Chapter 1
The SAPI 5 Reference API is an excellent guide for programming speech applications. With the large number of methods, interfaces, structures, and enumerations SAPI 5 offers, the reference API is a required document. However, those who are new to speech applications may be a little lost at first, as the reference API makes little attempt to weave all the parts together.
The goal of this book is to help you write properly structured SAPI 5 applications using a series of examples called Coffee. The application uses a coffee shop motif designed so that you may place orders, talk to management, or buy items at the store. Since each application builds upon the previous one, you need to understand each step before moving on to the next one.

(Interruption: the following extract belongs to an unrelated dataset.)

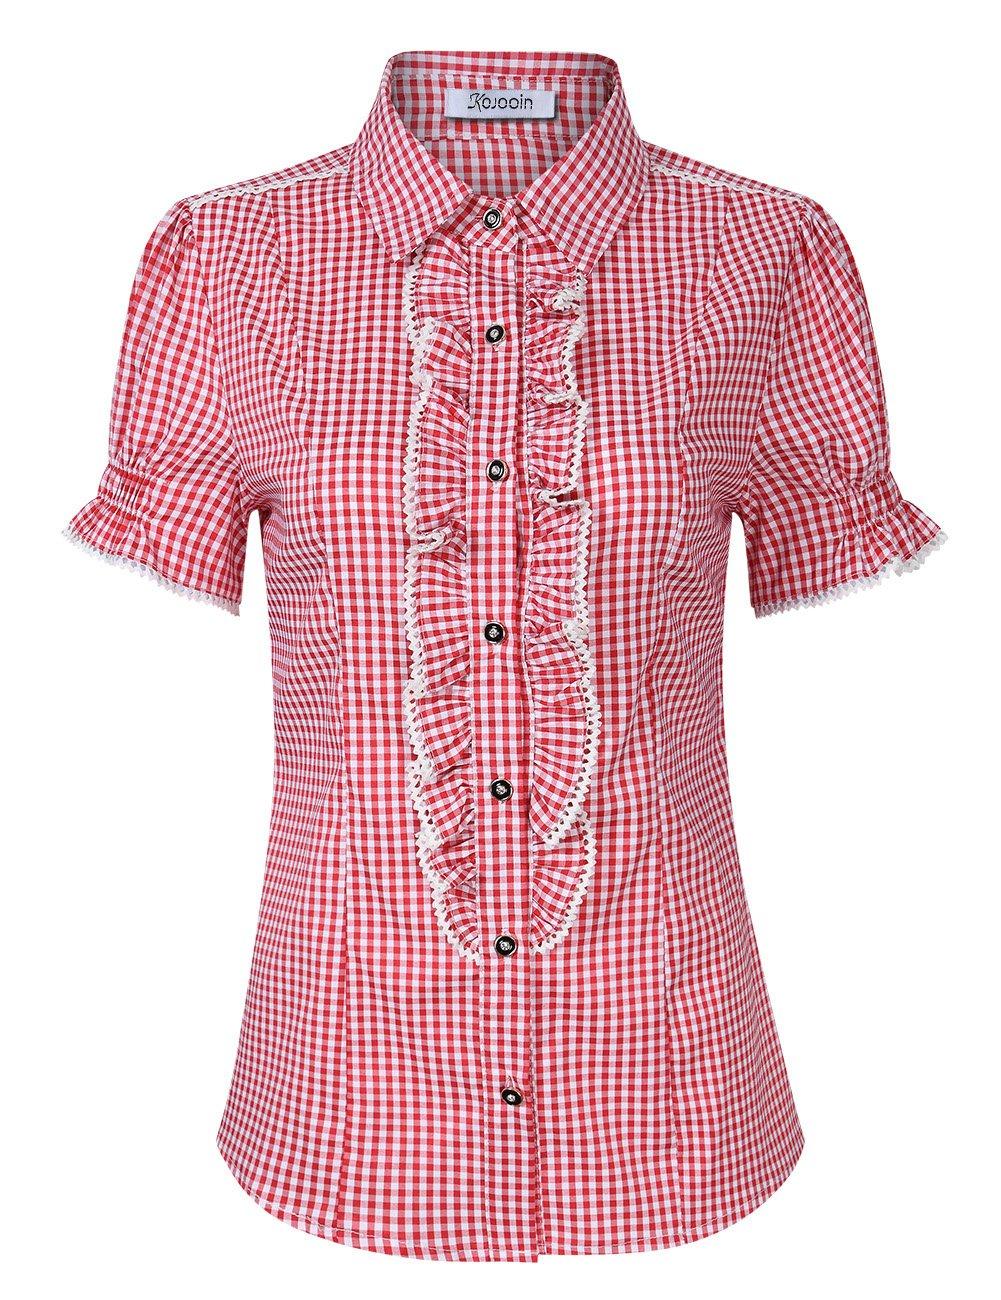 Leoie Women's Beer Festival Plaid Pleated Short Sleeve Casual Shirt for Oktoberfest Red 2XL

There are two prerequisites for using these examples. First, that you generally understand graphical interface programming and specifically understand native Windows programming. Although you will concentrate on SAPI 5 topics, the Coffee examples are Windows applications. The majority of the code in the samples is a framework and is used only for running the application. It handles keyboard, mouse, screen updates, and other processing messages. Unless there is a relevance to SAPI 5, much of the code is will not be discussed.
Second, you should have some experience with C/C++ programming. The intent is to keep programming simple and consistent. There are other models and languages for programming Windows including Visual Basic, JAVA and Microsoft Foundation Class (MFC). MFC adds a layer of complexity that you do not need at the moment. After you gain proficiency with SAPI 5 code, theory, and implementation, feel free to change approaches.
Additionally, SAPI 5 is component object model (COM) based. Although COM proficiency is not required, some understanding of it is. To further simplify COM, SAPI 5 uses active template library (ATL) functions to complement COM. You need a basic understanding of COM smart pointer CComPtr. Additional information about these topics may be found in MSDN or in the myriad of books available through popular bookstores.
Each chapter describes the important concepts introduced. The discussion follows the code and provides examples from the Coffee code itself. The first Coffee example is the foundation of the entire process and is slightly longer than other chapters. The narrative is a brief overview and presents enough material to complete the example, though not enough to exhaust the subject.
Each Coffee chapter builds on the previous examples. Since no code is ever removed, changes from chapter to chapter may be found by comparing files or entire folders using a difference engine. However, in general, any application may be used.
You will need a copy of Visual C 6.0 with Service Pack 3 or later version. In general, any 32-bit C compiler will work. However, the samples assume Microsoft Visual Studio 6.0 SP3 or later.
SAPI 5 Installation source. This may be a SAPI developer’s CD or the installer through another source (if available) such as the Microsoft Web site. Regardless, you are encouraged to install SAPI 5 only through an installation package. The SAPI CD installs all the required components including the required dynamic link libraries (DLL), headers, registry entries, and other resources.
In addition to having up-to-date source files and examples, you need the reference API to look up interfaces and methods. Even though the examples are well commented and the tutorials contain narratives about the calls and approaches, the reference API explains each call in detail and to a greater extent than is possible in other sources.
To configure your system for speech recognition, go to Speech properties in Control Panel and click the Speech Recognition tab. Speak into your microphone and observe the volume meter in the microphone window; if the meter registers the volume level the microphone works. Then click the Text-to-Speech tab. To test the audio output, click Preview Voice. The text in this section will be spoken, highlighting the words as they are spoken. If this is the case, then audio output also works. If neither works, see the Troubleshooting section.
It is also recommended that you use the microphone training wizard. From the Speech Recognition tab, click Train Profile. The training wizard instructs you in microphone placement and input level adjustment so that SAPI is able to recognize your commands. For the Coffee examples, the list of commands is quite limited and this training is not required. Speak clearly and deliberately into the microphone and Coffee should be able to recognize your words.